How God taught me to trust my friends
By Jessica Brodie
I’d told one person. Yet somehow, when I walked into second period, my entire middle school class knew my secret.
The drama! The cutthroat gossip! It was so hard being a young teen. And at some point along the way, I decided I was sick and tired of trusting anyone. My secrets stayed with me.
But fast forward 20 years later, and I found I was still living that way. Going through a difficult situation, I looked around and realized that other than my sister and my mom, I didn’t have a single close friend I could trust. That wasn’t healthy. I knew the value of female friendships, but I didn’t understand how to navigate that world in an authentic way. I’d get this close to friends, but the long-standing wall I kept around me would never lower. It became a barrier, keeping everyone out.

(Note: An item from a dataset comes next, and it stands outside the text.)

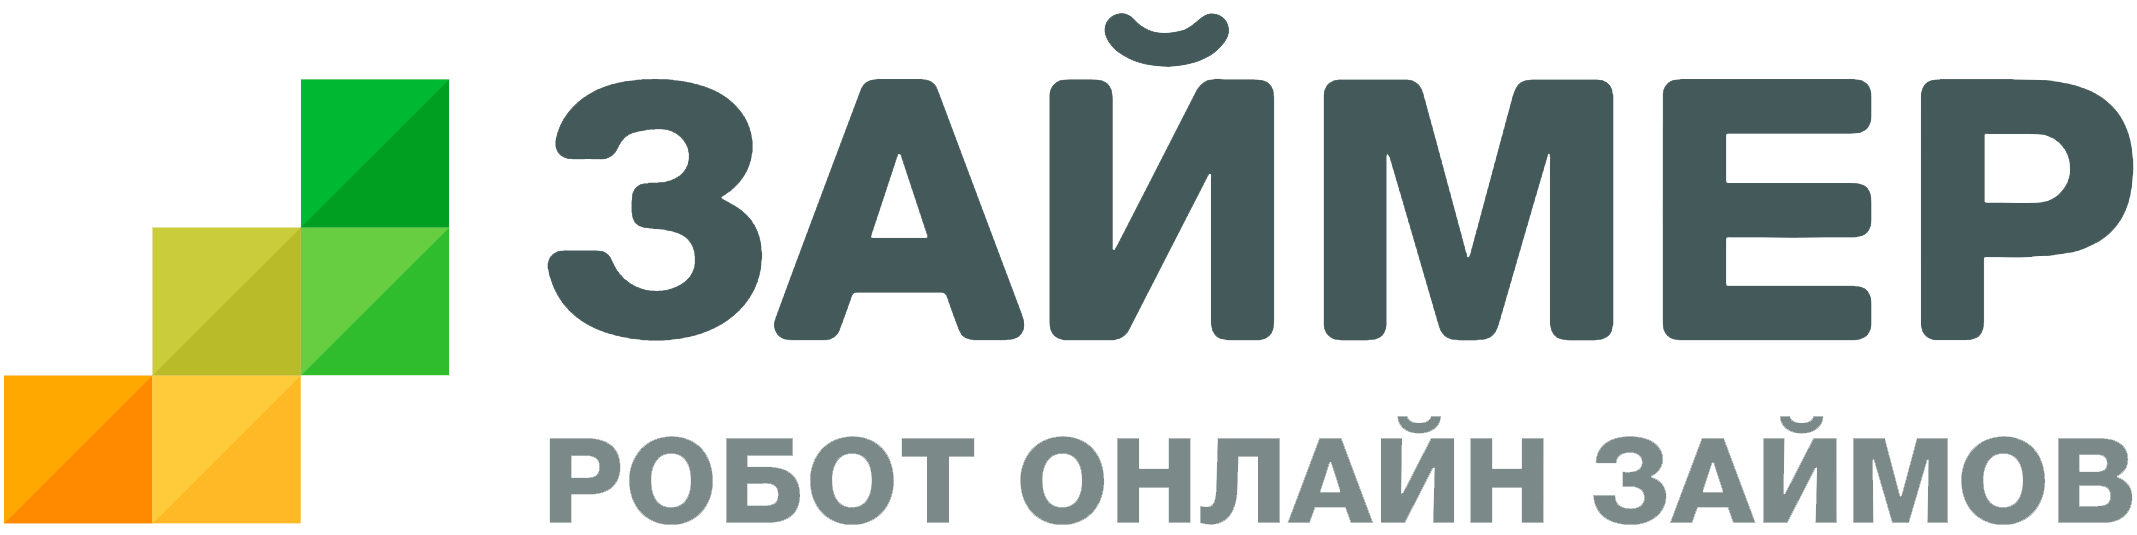 Логотип МФО Займер

I’m grateful for that difficult time, for that was when I found my relationship with Christ on a whole new level. I learned to depend on God and give him everything, to put my faith, hope, and trust in him. But after I emerged from my hard time, I didn’t seem to have that wall anymore.
Slowly, I started making friends and began to take risks. I’d tell them what was actually on my heart. I’d trust them with my fears and vulnerabilities when I had them. “What did I have to lose?” I realized. I no longer felt the need for acceptance and approval from people, but instead focused on seeking acceptance and approval from my Lord. No person could hurt me anymore, because I had Him right next to me.
As I learned to love these female friends like Jesus would—generously, holding nothing back—in return, the first seeds of real friendship began to blossom.
In the Bible, the apostle Paul tells the young believer Timothy that “God gave us a spirit not of fear but of power and love and self-control” (2 Timothy 1:7 ESV).
Further, writes the apostle John, “There is no fear in love, but perfect love casts out fear. For fear has to do with punishment, and whoever fears has not been perfected in love” (1 John 4:18 ESV).
While I used to be terrified of trusting people, I am no longer afraid. Being vulnerable and trusting others has become a step out in faith for me, and I thank God for the blessings it has brought me.